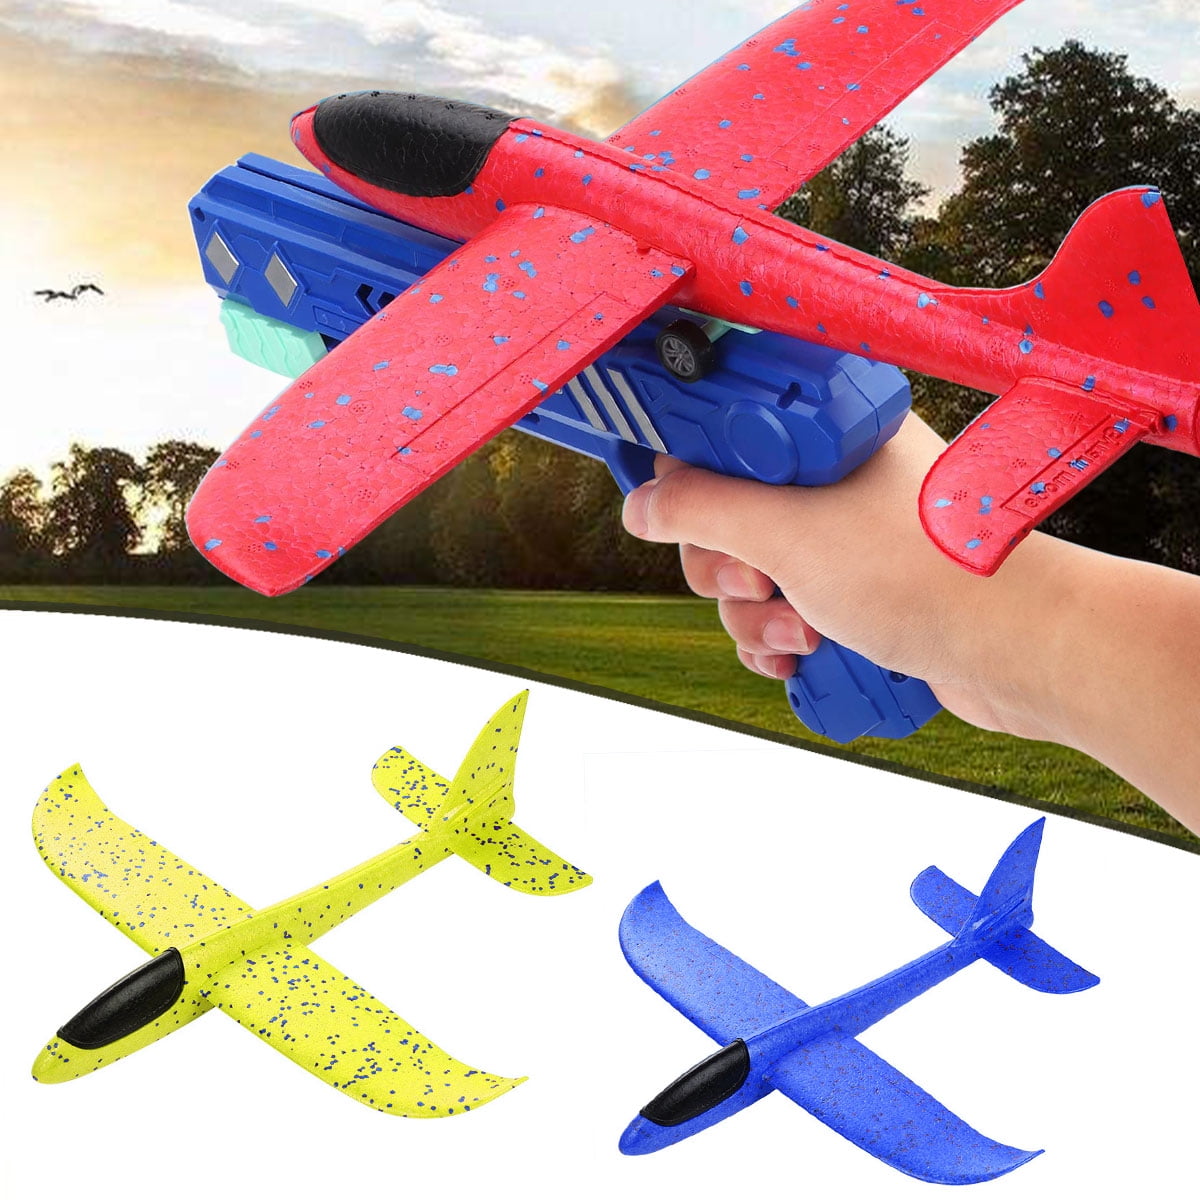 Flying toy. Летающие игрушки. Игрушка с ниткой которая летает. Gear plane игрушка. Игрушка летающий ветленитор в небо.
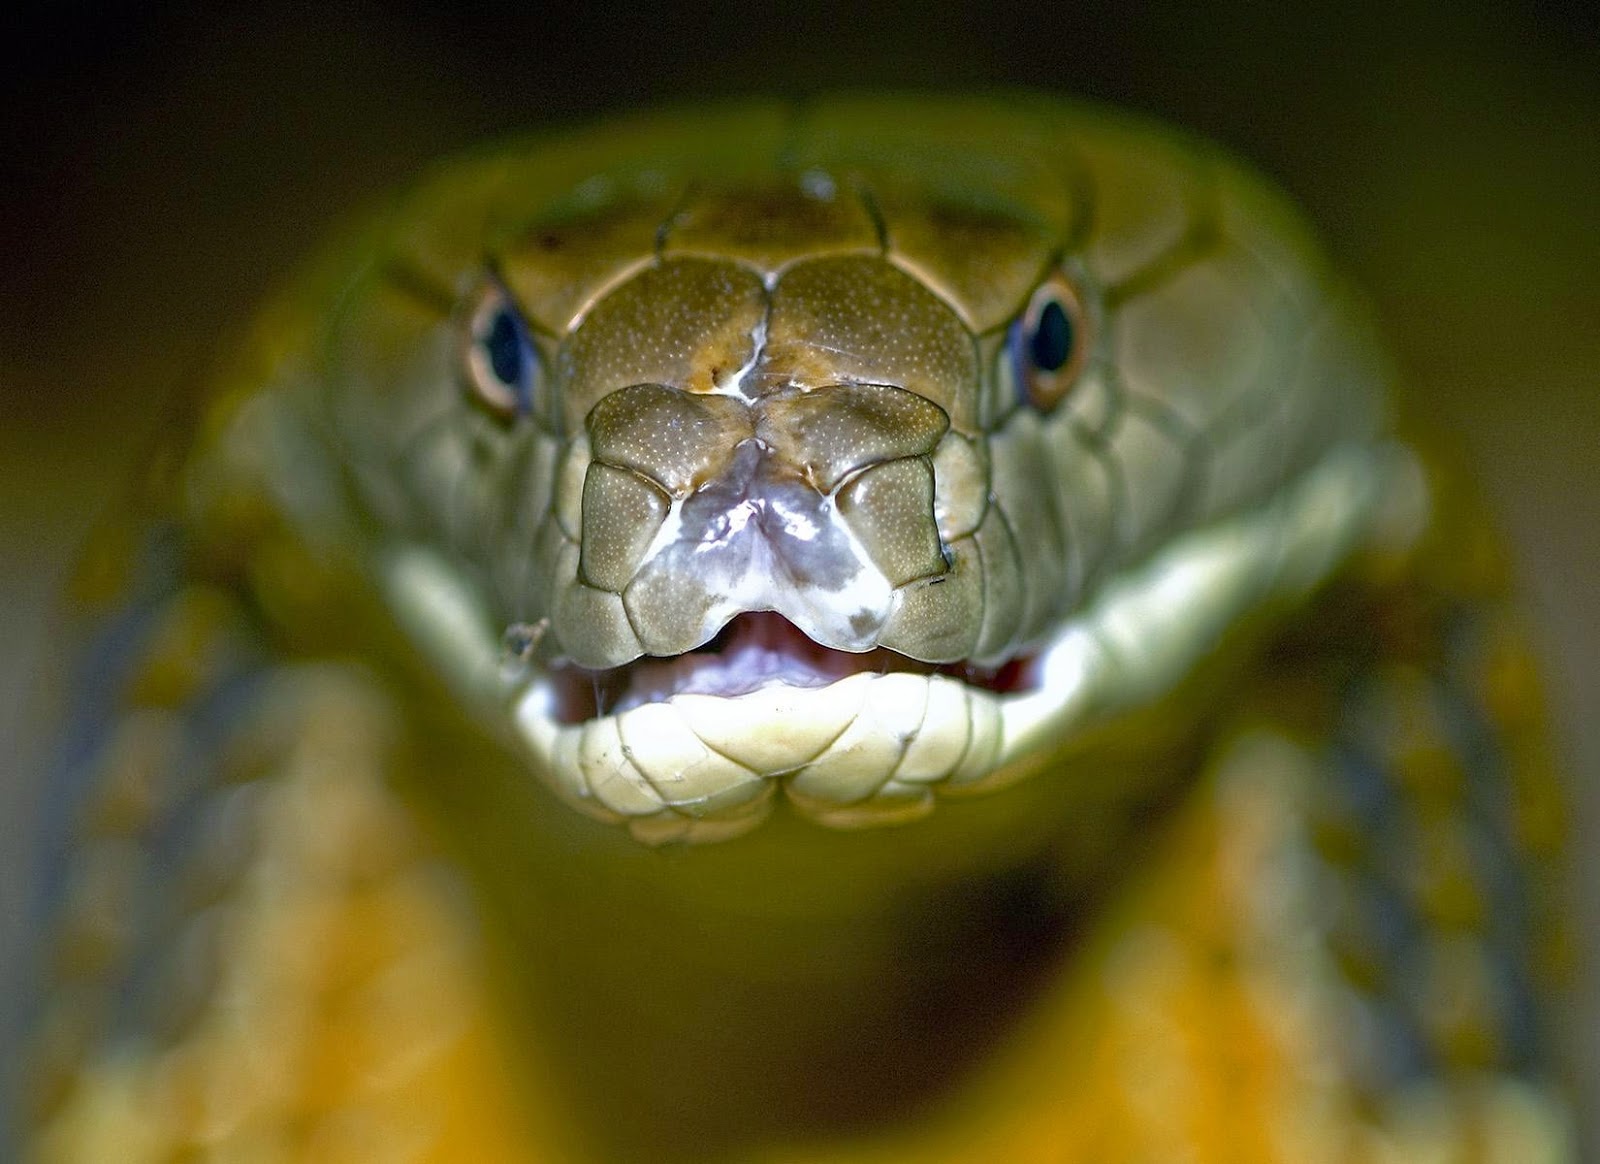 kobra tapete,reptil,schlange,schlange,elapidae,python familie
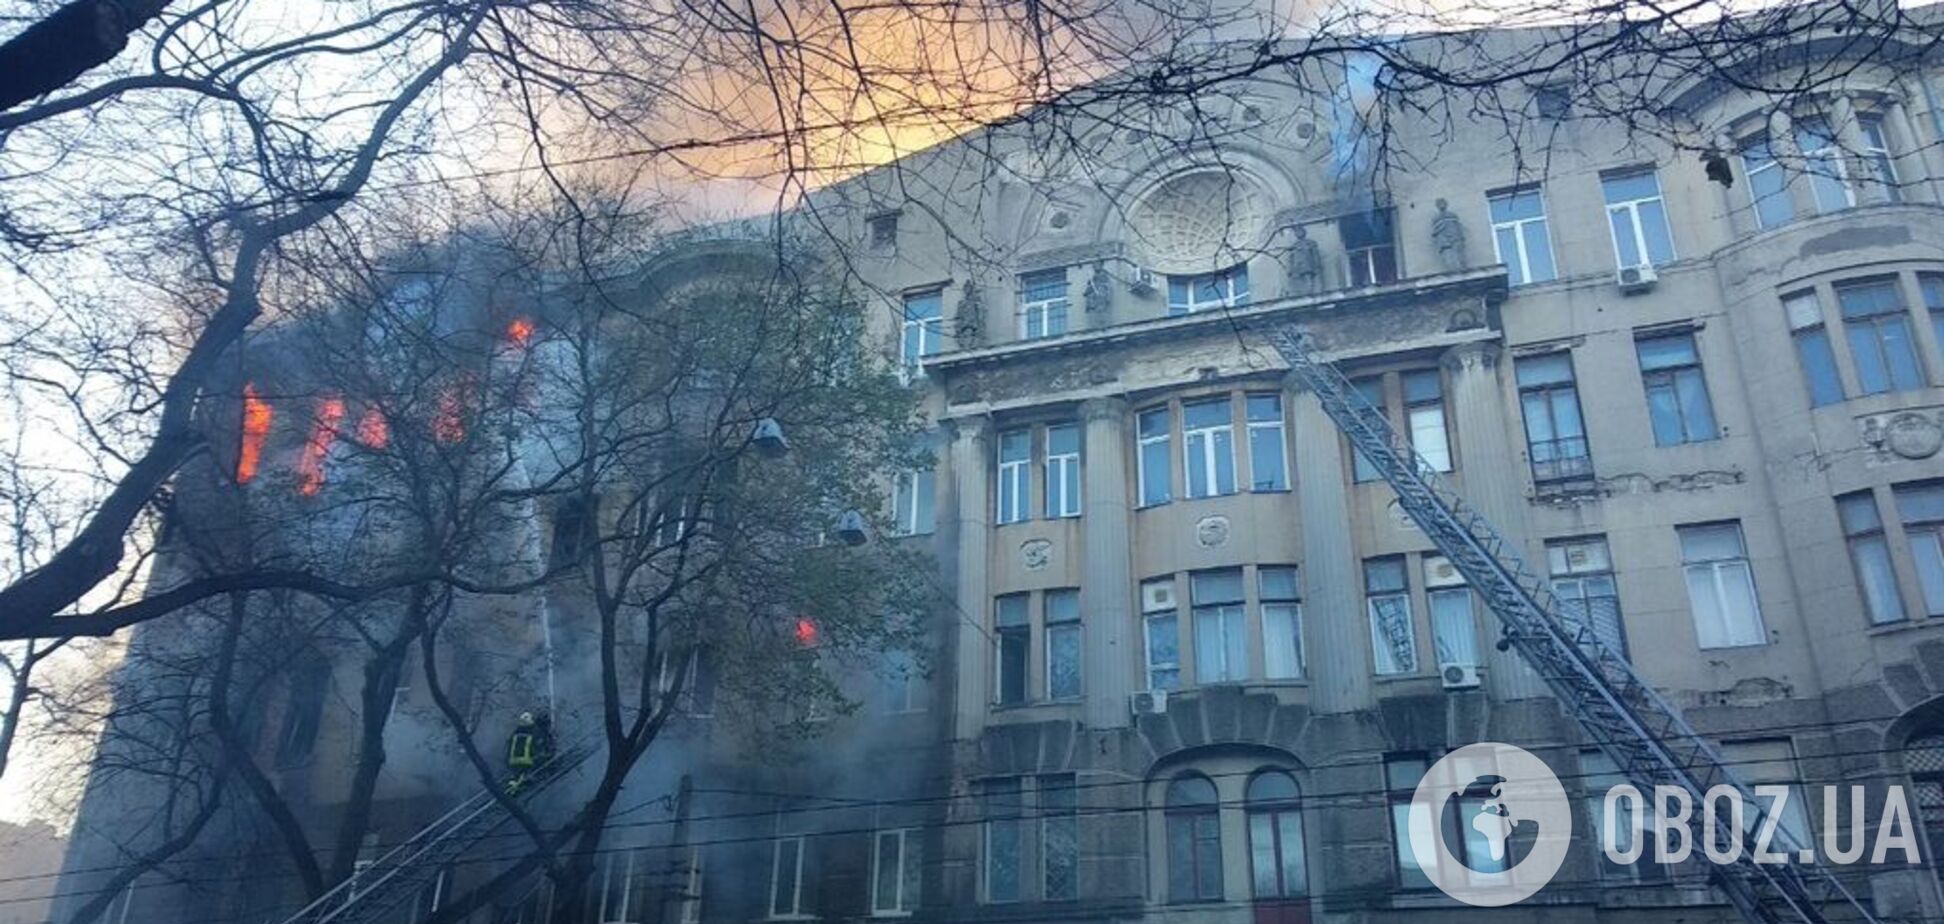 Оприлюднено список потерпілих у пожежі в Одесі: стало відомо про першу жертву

▸ **Assigned task**:
Print the material precisely as given, dropping any images it holds.

▸ **Reply**:
 Flying toy. Летающие игрушки. Игрушка с ниткой которая летает. Gear plane игрушка. Игрушка летающий ветленитор в небо.
 kobra tapete,reptil,schlange,schlange,elapidae,python familie
 Оприлюднено список потерпілих у пожежі в Одесі: стало відомо про першу жертву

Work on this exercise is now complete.